Re: Testing spark with AWS spot instances

2016-03-27 Thread Alexander Pivovarov
I use spot instances for 100 slaves cluster (r3.2xlarge on us-west-1)
Jobs I run usually take about 15 hours - cluster is stable and fast. 1-2
computers might be terminated but it's very rare event and Spark can handle
it.

On Fri, Mar 25, 2016 at 6:28 PM, Sven Krasser  wrote:

> When a spot instance terminates, you lose all data (RDD partitions) stored
> in the executors that ran on that instance. Spark can recreate the
> partitions from input data, but if that requires going through multiple
> preceding shuffles a good chunk of the job will need to be redone.
> -Sven
>
> On Thu, Mar 24, 2016 at 10:15 PM, Dillian Murphey  > wrote:
>
>> I'm very new to apache spark. I'm just a user not a developer.
>>
>> I'm running a cluster with many spot instances. Am I correct in
>> understanding that spark can handle an unlimited number of spot instance
>> failures and restarts?  Sometimes all the spot instances will dissapear
>> without warning, and then they come back.  Can I trust spark to pickup all
>> jobs where it left off?
>>
>> I'm noticing some instability with my system. I'm suspecting it could be
>> disk or RAM issues.  When I add a lot of slaves I run low on RAM on my
>> master.  Maybe that's part of the problem. But jut want to confirm my
>> understanding.
>>
>
>
>
> --
> www.skrasser.com 
>


Re: Testing spark with AWS spot instances

2016-03-25 Thread Sven Krasser
When a spot instance terminates, you lose all data (RDD partitions) stored
in the executors that ran on that instance. Spark can recreate the
partitions from input data, but if that requires going through multiple
preceding shuffles a good chunk of the job will need to be redone.
-Sven

On Thu, Mar 24, 2016 at 10:15 PM, Dillian Murphey 
wrote:

> I'm very new to apache spark. I'm just a user not a developer.
>
> I'm running a cluster with many spot instances. Am I correct in
> understanding that spark can handle an unlimited number of spot instance
> failures and restarts?  Sometimes all the spot instances will dissapear
> without warning, and then they come back.  Can I trust spark to pickup all
> jobs where it left off?
>
> I'm noticing some instability with my system. I'm suspecting it could be
> disk or RAM issues.  When I add a lot of slaves I run low on RAM on my
> master.  Maybe that's part of the problem. But jut want to confirm my
> understanding.
>



-- 
www.skrasser.com 


Testing spark with AWS spot instances

2016-03-24 Thread Dillian Murphey
I'm very new to apache spark. I'm just a user not a developer.
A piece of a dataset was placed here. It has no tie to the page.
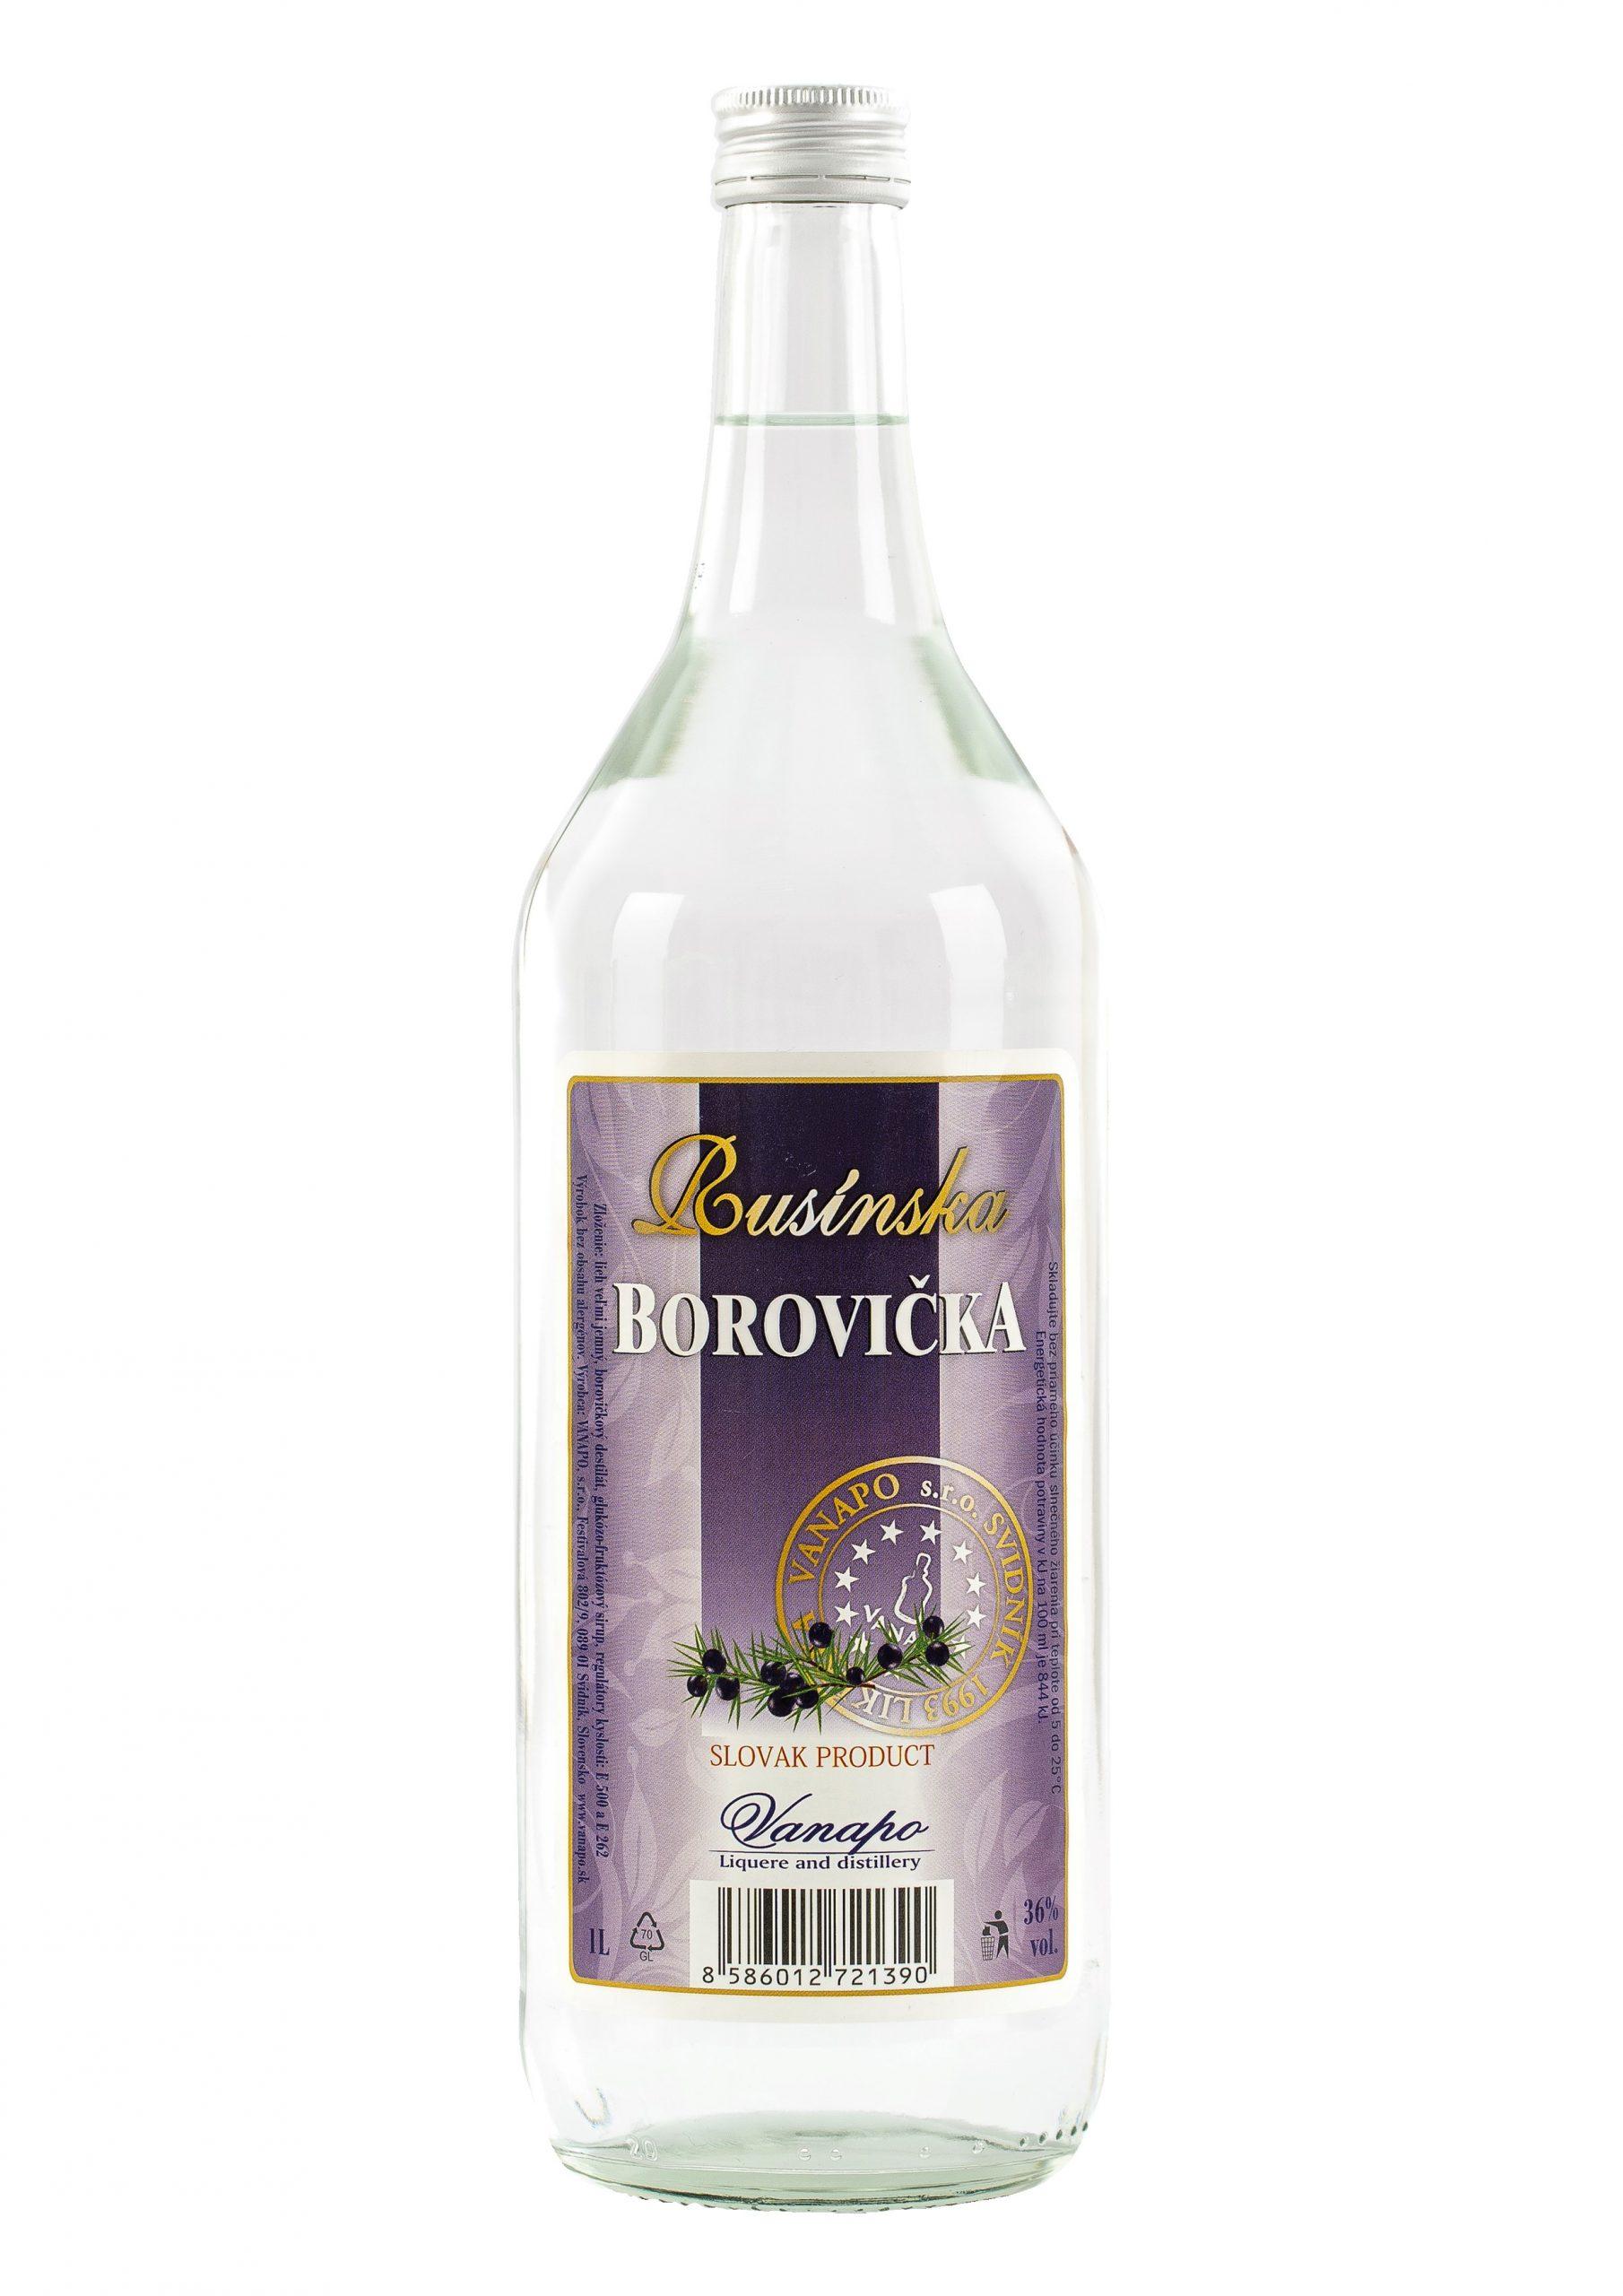 Borovicka Rusinska 36 1L scaled 1 - Rusínska borovička

I'm running a cluster with many spot instances. Am I correct in
understanding that spark can handle an unlimited number of spot instance
failures and restarts?  Sometimes all the spot instances will dissapear
without warning, and then they come back.  Can I trust spark to pickup all
jobs where it left off?

I'm noticing some instability with my system. I'm suspecting it could be
disk or RAM issues.  When I add a lot of slaves I run low on RAM on my
master.  Maybe that's part of the problem. But jut want to confirm my
understanding.